# Axiom Ocularis - Next step up ?



## Robere3 (Jan 24, 2020)

Hi. I have been shooting for a while now with my Axiom Ocularis OTT 100% of time. Any recomendations on next step up ?? Something more of a keeper. Possibly more accurate but I know accuracy is mainly down to shooter. Live in South West UK. Thanks


----------



## Island made (Aug 14, 2019)

Welcome to the forum! Go grab a pocket knife and a natural fork, whittle till it fits you like a glove. You’ll have a life time fork, a lot of fun making it, and it will be as accurate as any.


----------



## Ibojoe (Mar 13, 2016)

Welcome to the forum! I’d go with the SS Scout LT. It’s a nice frame with flat fork tips.
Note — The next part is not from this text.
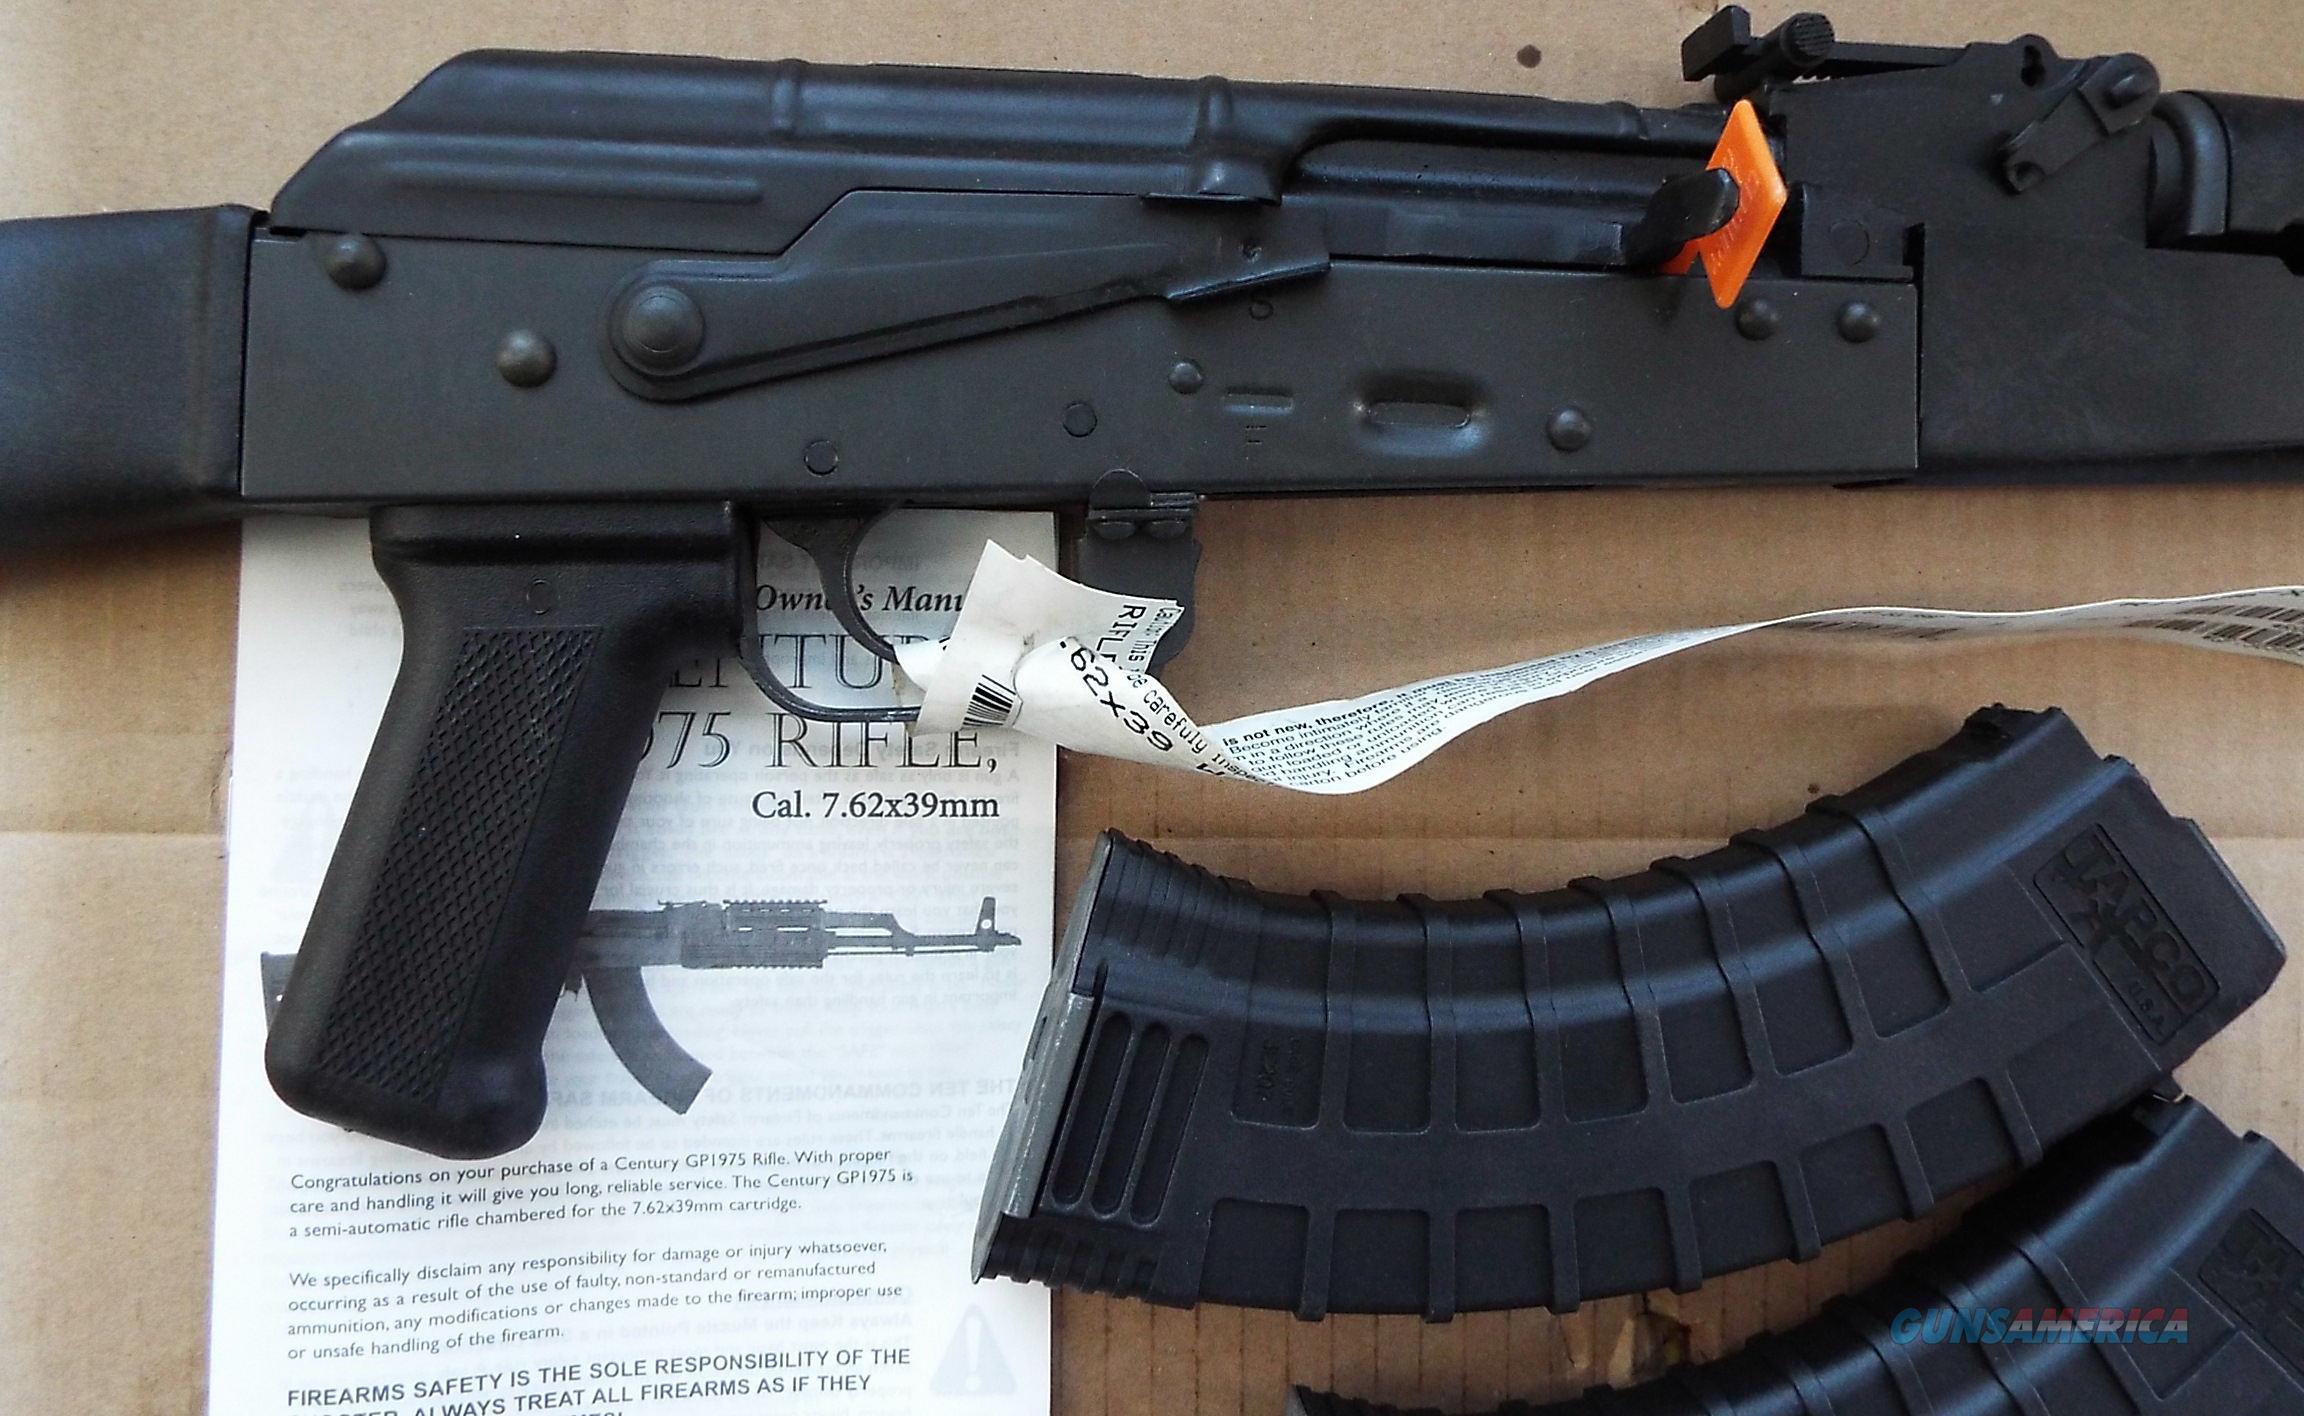 Century Arms GP1975 AK47 carbine 7.62x39mm  New!  LAYAWAY OPTION  RI1496-X  AK47  Guns > Rifles > Century International Arms - Rifles > Rifles

Have fun.


----------



## Robere3 (Jan 24, 2020)

Couldn't seem to find the scout lt for sale in UK. So went for scout xt with different sizes of flat bands to try


----------



## ZS1 (Jan 20, 2020)

Island made said:


> Welcome to the forum! Go grab a pocket knife and a natural fork, whittle till it fits you like a glove. You'll have a life time fork, a lot of fun making it, and it will be as accurate as any.


Hello,

Best advice ever :iagree:

Cheers.


----------